Currently I'm building the basic video player to practice media processing. At this stage, the player now could handle video pausing and resizing(though resizing may still needs some work).

Here is a video resizing issue I encountered.

Additionally, I've switched from using GLFW to SDL2 for managing interface. This change is necessary, because Apple has deprecated some OpenGL functions, forcing user to use the freking shader. Since I'm not ready to dive into that right now, I opted for SDL2 to have a consistant develop experience on both Windows and MacOS.

Here's what I've learned during this week's development:

Concepts

PTS, DTS, and AVRational

If you don't control the decode and display speed in your code, the playback will be extremly fast, which is undesirable. To solve this, we need to introduce to two key concepts: the PTS and DTS.

PTS(Presentation Timestamp)

PTS represents the timestamp when this single frame should be displayed. It is important to note that the time unit of PTS and DTS is NOT in real-world seconds or milliseconds. Instead, it uses the time unit called TimeScale, aka Tick, which can vary between videos.

But we can alway get a tick's length by using this formula:

$\frac{1}{timebase}$ .

Here, timebase is a AVRational object which defines how many ticks are there in a second. This allows us to determine the TimeScale for a video. The timebase can be obtained from the AVStream object.

DTS(Decode Timestamp)

DTS indicates the timestamp when the frame was decoded.

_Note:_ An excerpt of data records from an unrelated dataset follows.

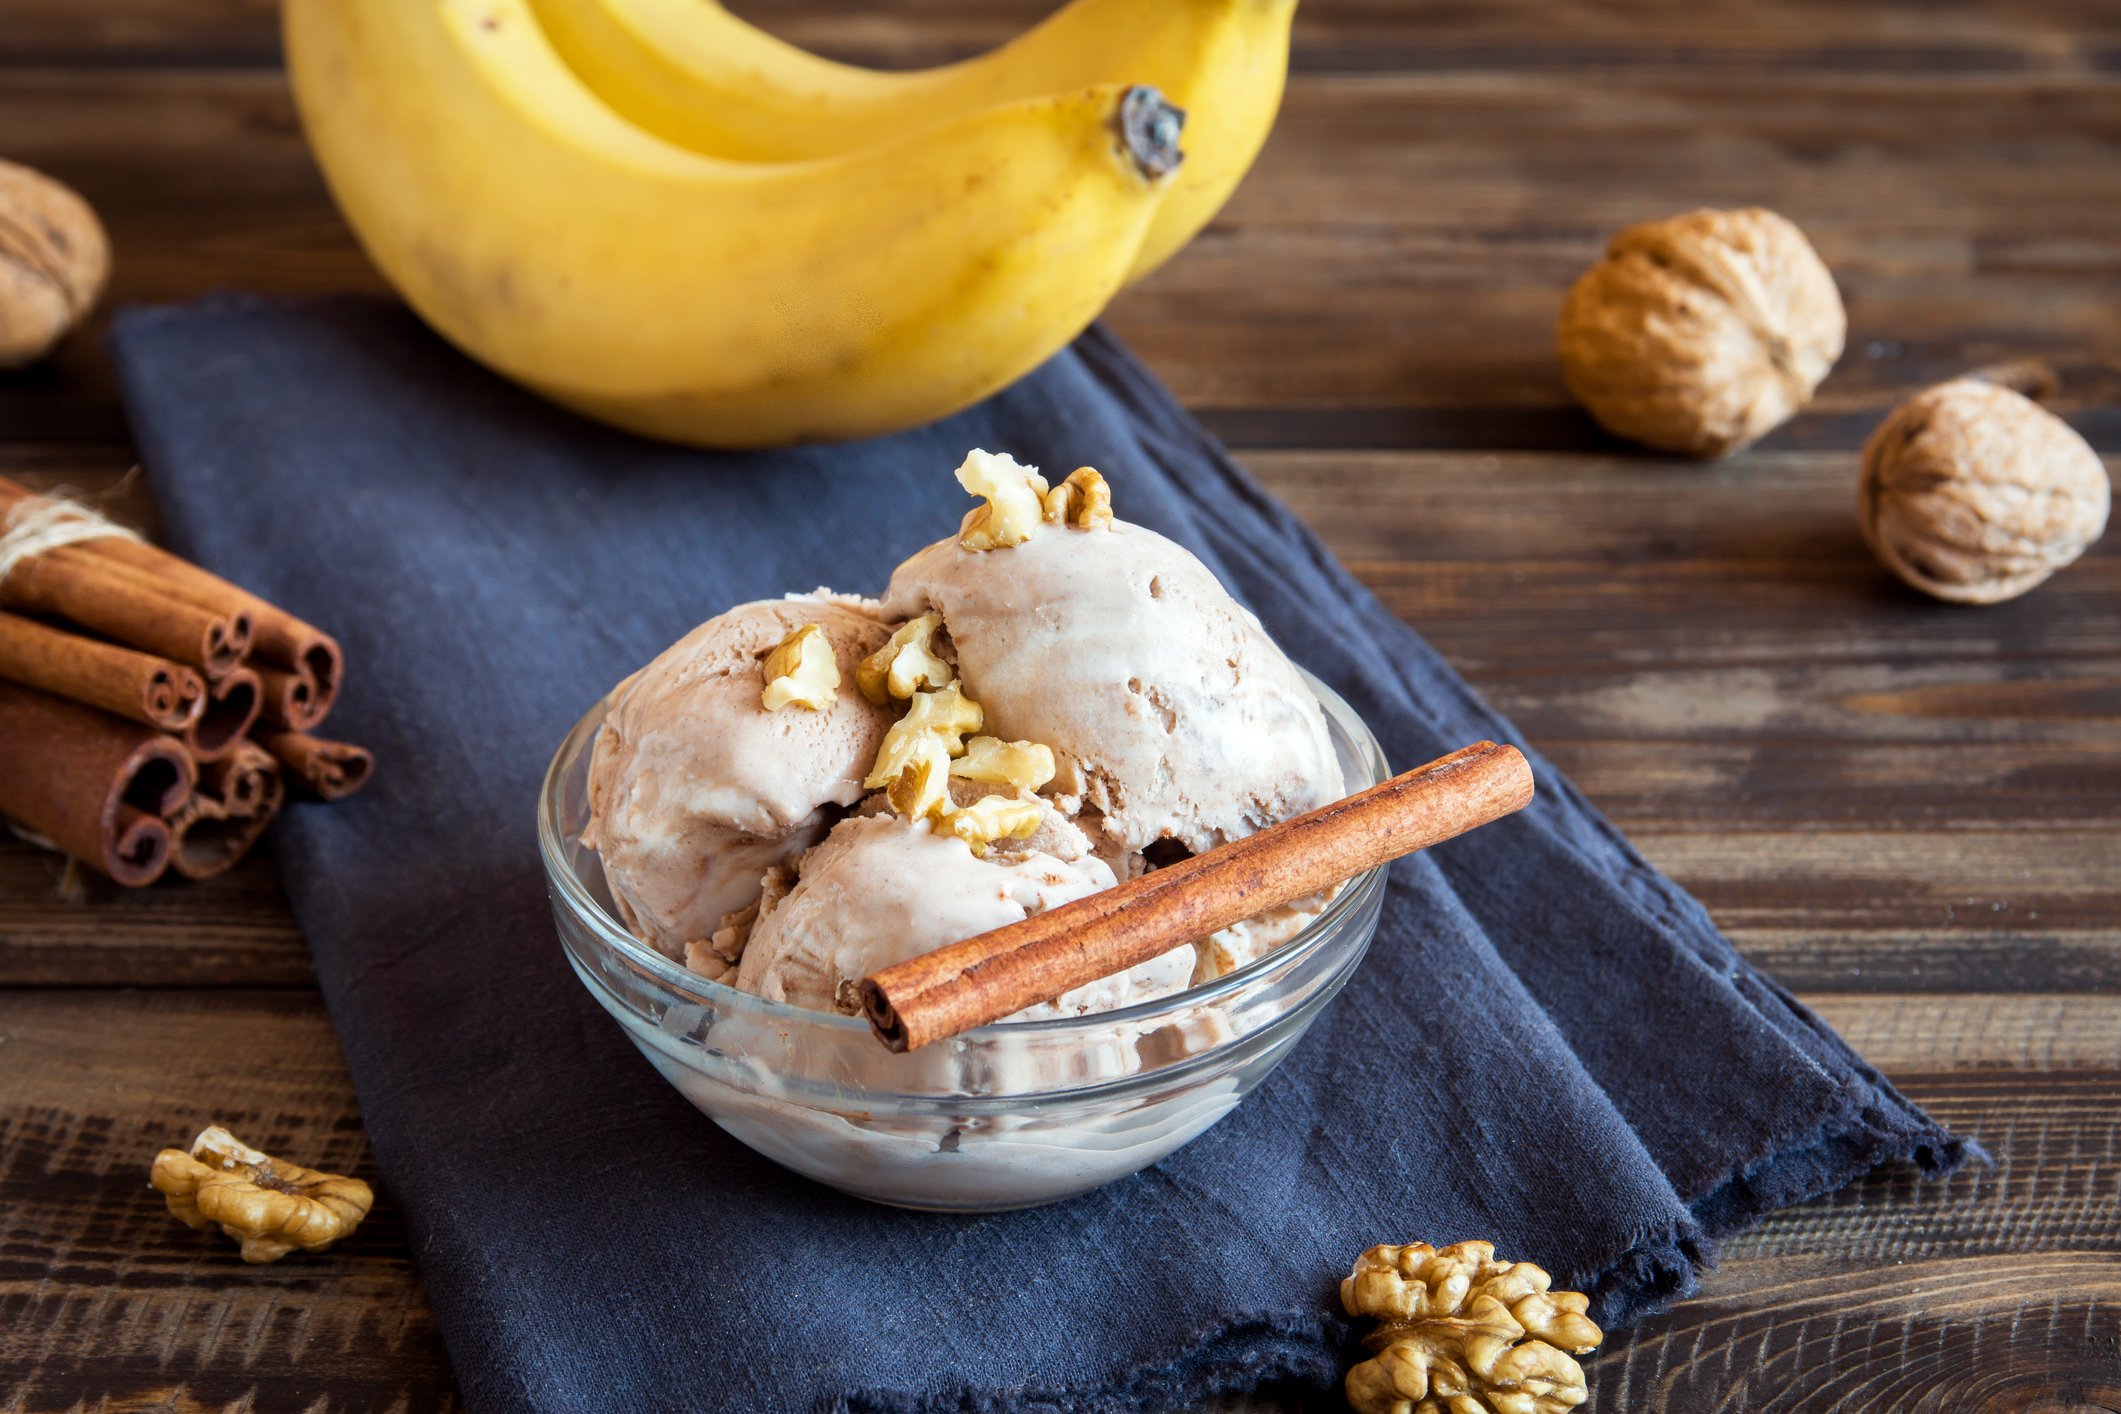 A bowl of plant-based ice cream with cinnamon nuts and bananas
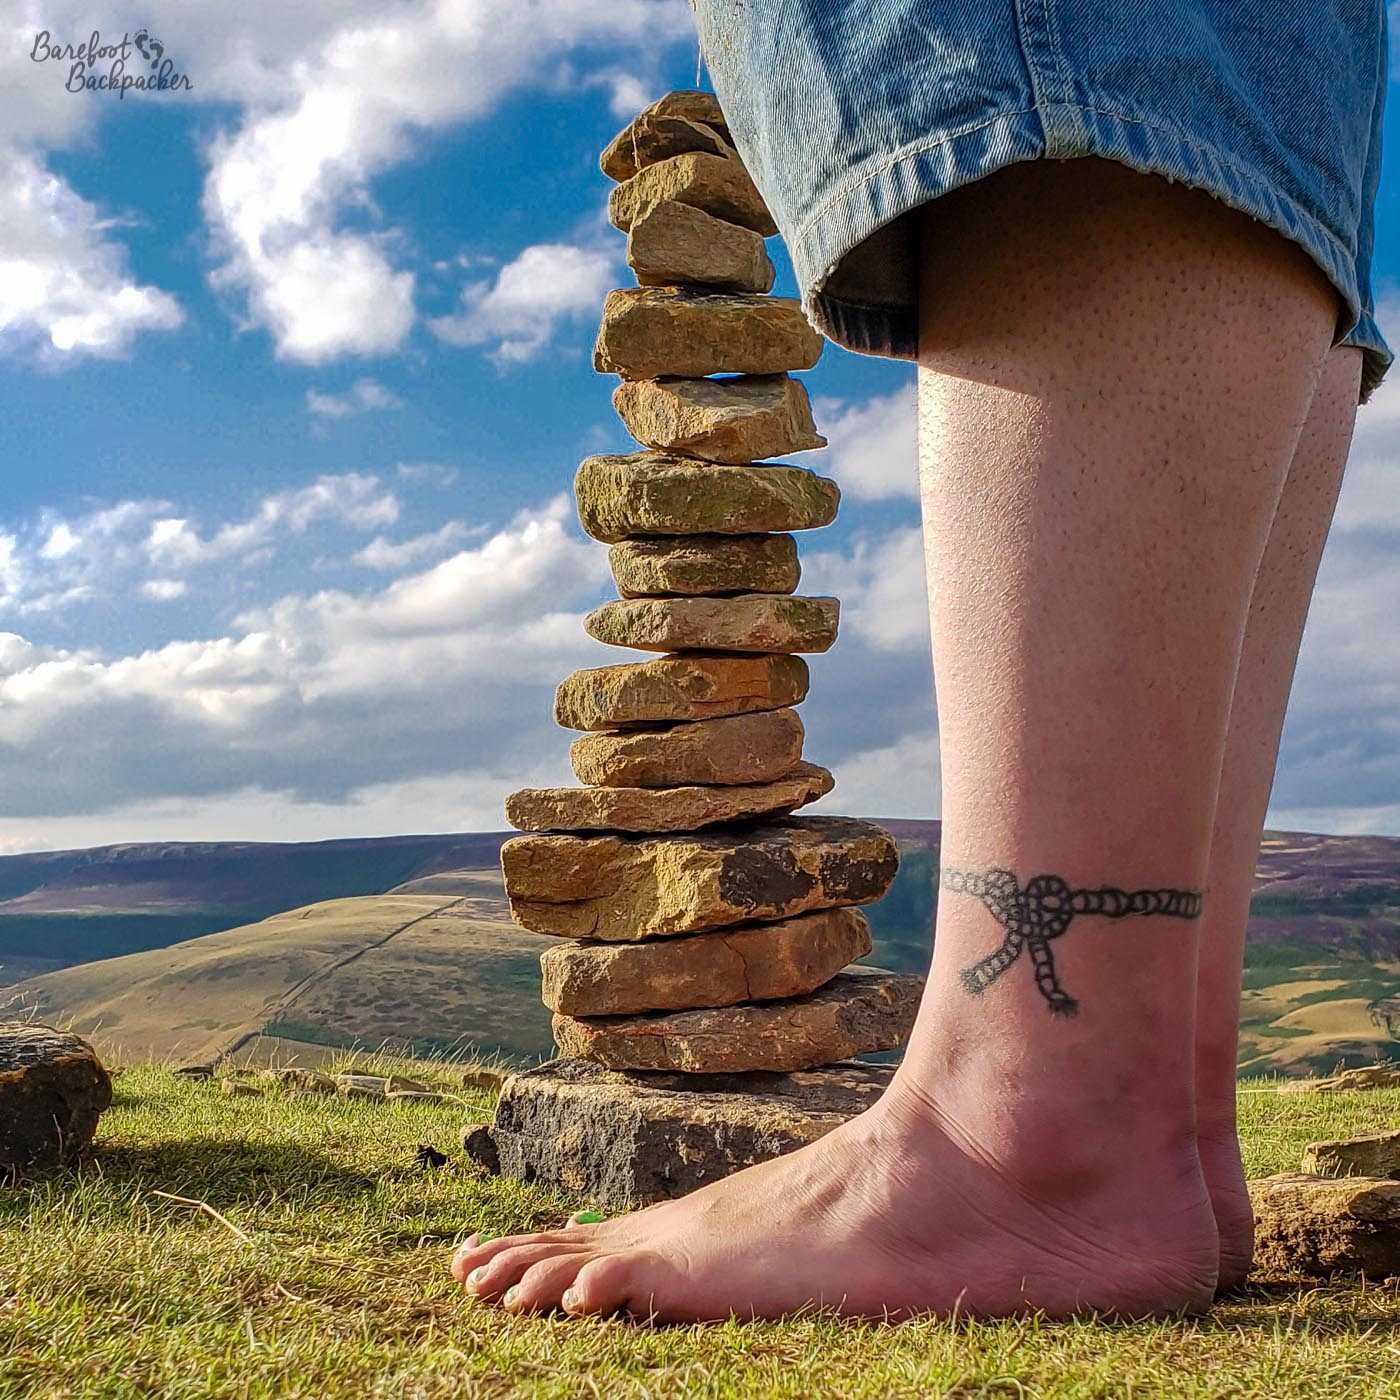 In the background are some rolling hills, and an open sky. The picture is dominated by a small cairn of stones piled up on the grass at the edge of a cliff, and next to and slightly in front, the lower legs and feet of someone are visible standing on the grass. Their denim trousers end just below the knee, and the rest of their legs, and feet, are bare. On the ankle that's visible is a rope motif tattoo.
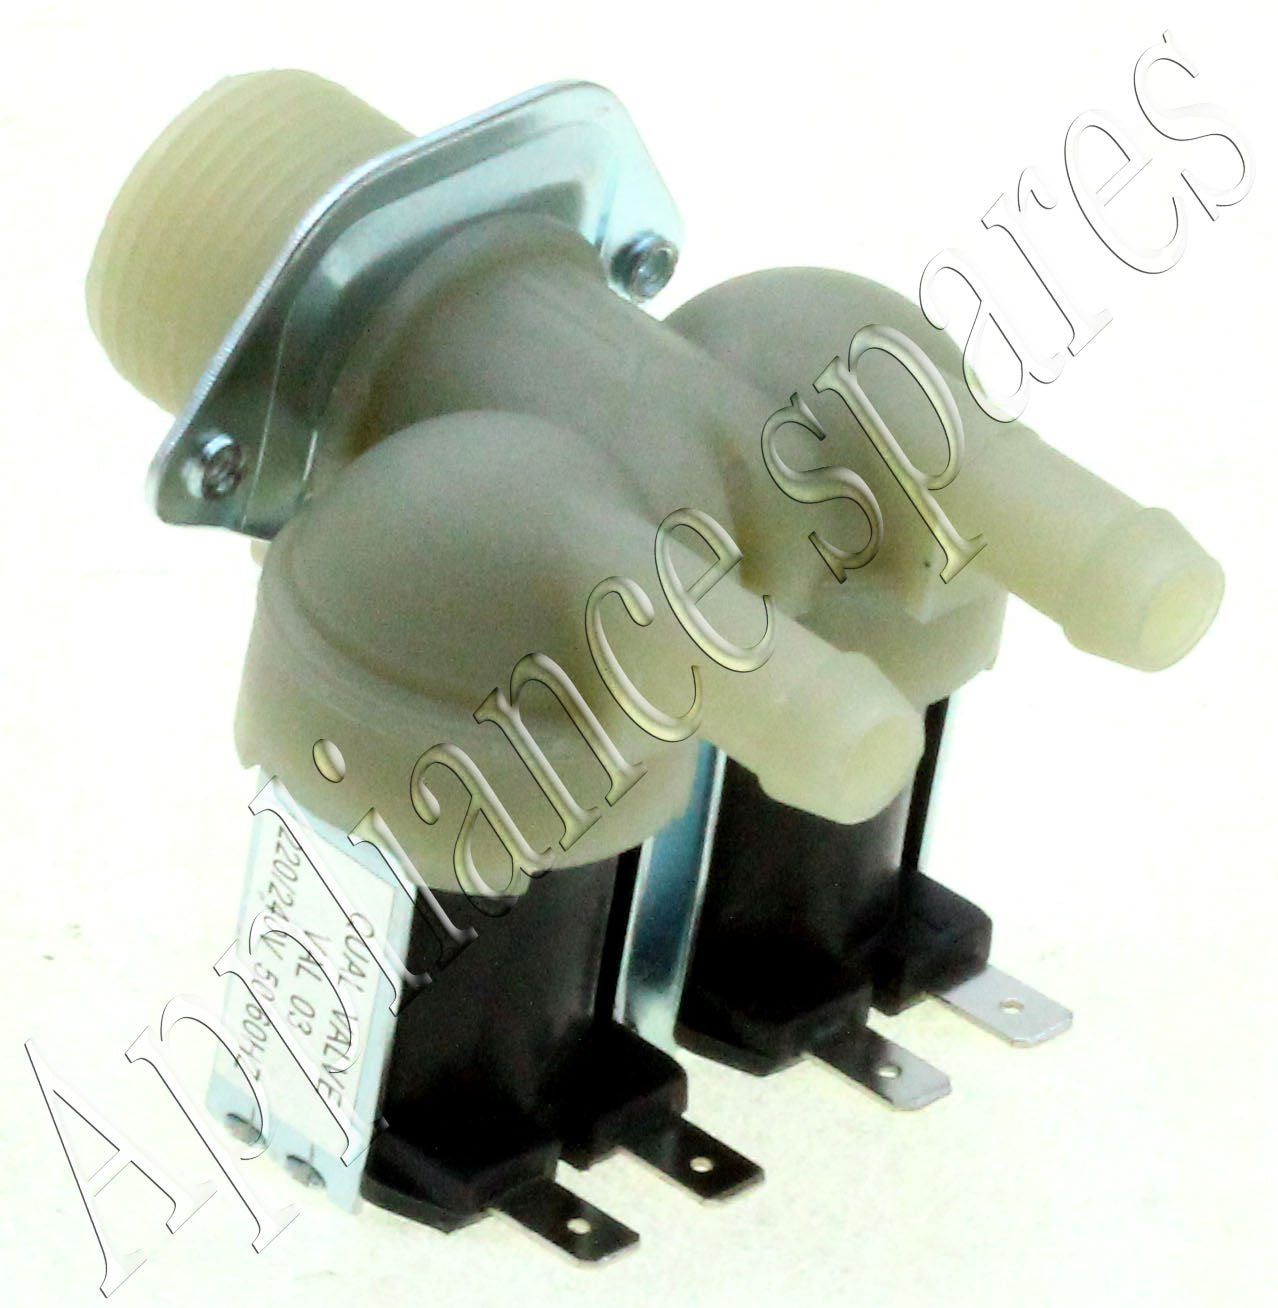 LG Washing Machine Straight Double Solenoid Valve (220v 10.5mm Outlet)

Sampling and Audio Playback

Just like video, audio in the media is also encoded. Typically, it is compressed using an AAC encoder, which can reduce the audio file size up to 10 times.

Sampling

When recoding audio, we divide 1 seconds into many ticks, and we capture the audio data at specific time points. The number of times we capture data per second is called Sample Rate. For example, an audio file with a sample rate of 44.1kHz means it captures 44,100 distinct sound samples per second.

Besides, the audio data can be stored in different formats, like float32 and int16, this is called Format.

Audio Playback

When we configured the SDL_AudioSpec in our code, the system will periodcally request some audio data to play. So we could write a callback function, when it needs data, we decode and give it.

void audioCallback(void *userdata, Uint8 *stream, int len) {
  auto vr = static_cast<VideoReader *>(userdata);
  if (pauseVideo) {
    memset(stream, 0, len);
    return;
  }
  while (vr->audioFrameBuffer_.empty()) {
    if (vr->decodeAudioPacket()) {
      vr->resampleAudioFrame();
      break;
    }
  }
  auto &bufPos = vr->audioCurBufferPos_;
  int bytesCopied = 0;
  while (len > 0) {
    if (bufPos >= vr->audioFrameBuffer_.size()) {
      bufPos -= vr->audioFrameBuffer_.size();
      vr->audioFrameBuffer_.clear();
    }
    while (vr->audioFrameBuffer_.empty()) {
      if (vr->decodeAudioPacket()) {
        vr->resampleAudioFrame();
        break;
      }
    }
    auto &curBuf = vr->audioFrameBuffer_;
    bytesCopied = std::min(curBuf.size() - bufPos, (std::size_t)len);
    memcpy(stream, curBuf.data() + bufPos, bytesCopied);
    len -= bytesCopied;
    stream += bytesCopied;
    bufPos += bytesCopied;
  }
}

Miscellaneous

Bugs

At this point, the program feels like one giant bug. When it works as expected, it's pretty cool, but the functionality is still far from perfect.

On top of that, there's a memory leak issue, where about 0.4MB of memory is leaked per second. I suspect I may have missed unref some packets or frames, but I'm still investigating…